■ Data for processing ■
——
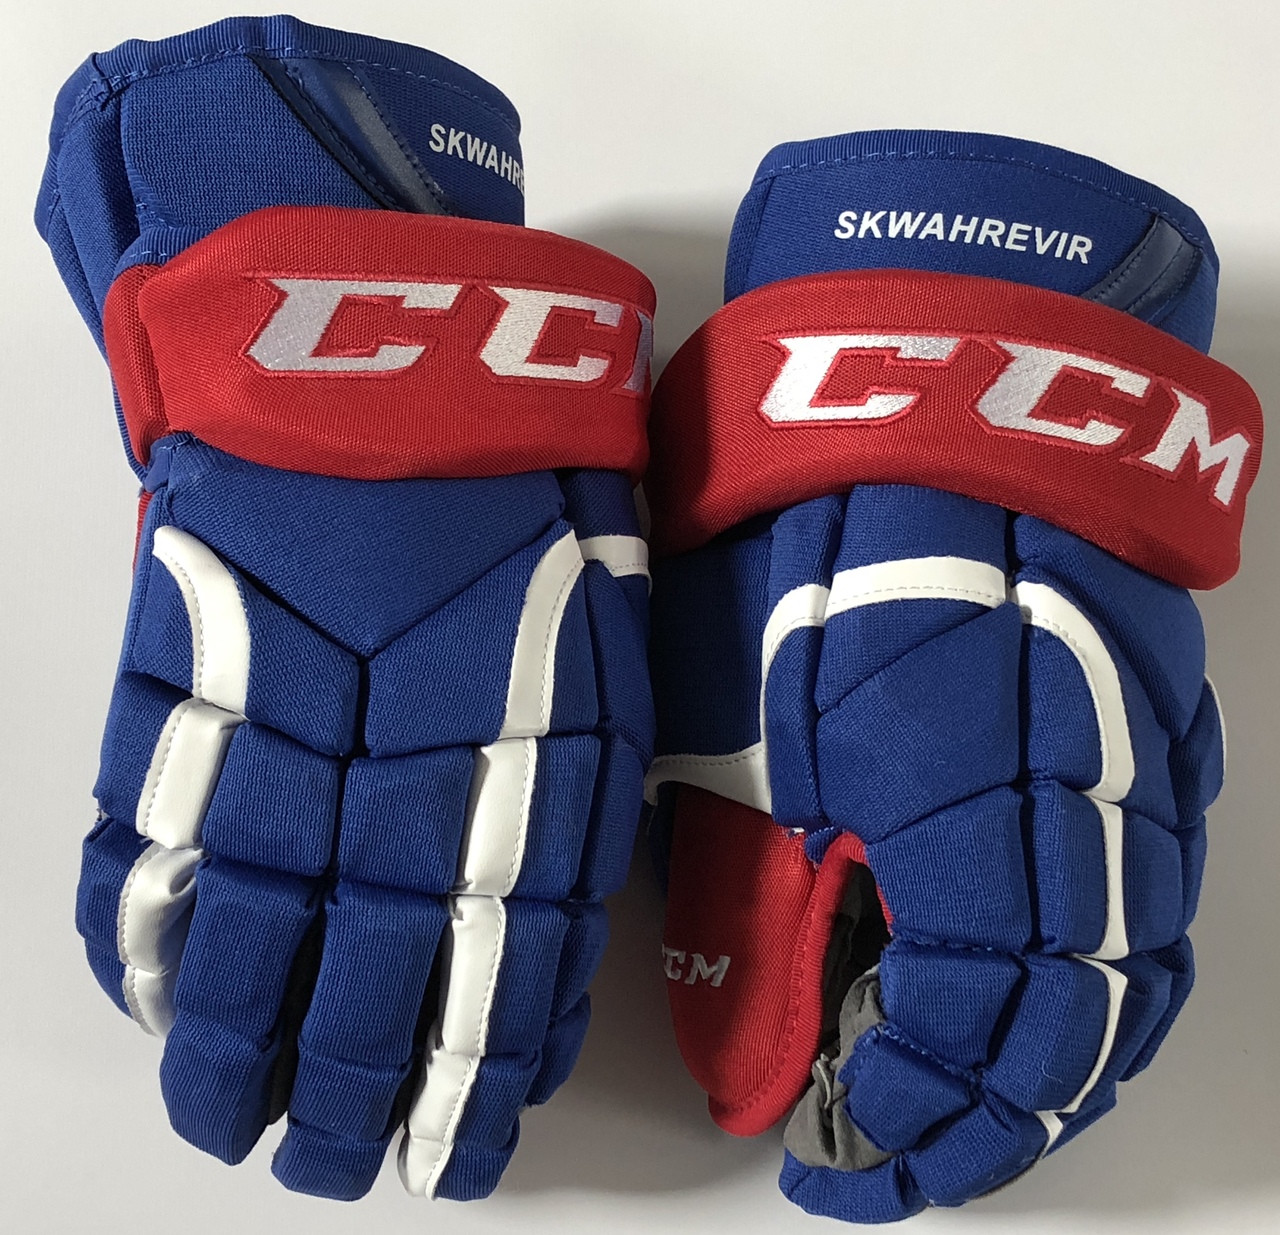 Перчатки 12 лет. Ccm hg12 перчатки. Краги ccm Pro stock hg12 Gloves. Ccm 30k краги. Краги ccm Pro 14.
——
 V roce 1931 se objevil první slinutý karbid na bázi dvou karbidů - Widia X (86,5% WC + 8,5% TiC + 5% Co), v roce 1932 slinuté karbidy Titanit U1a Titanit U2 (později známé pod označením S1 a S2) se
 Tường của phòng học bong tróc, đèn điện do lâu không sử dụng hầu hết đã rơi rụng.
——
■ Exercise requirements ■
What are the lines, exactly as written above, from the line with "V roce 1931" to the line with "Tường của phòng", both included? Output only those.

■ Result of this task ■
 V roce 1931 se objevil první slinutý karbid na bázi dvou karbidů - Widia X (86,5% WC + 8,5% TiC + 5% Co), v roce 1932 slinuté karbidy Titanit U1a Titanit U2 (později známé pod označením S1 a S2) se
 Tường của phòng học bong tróc, đèn điện do lâu không sử dụng hầu hết đã rơi rụng.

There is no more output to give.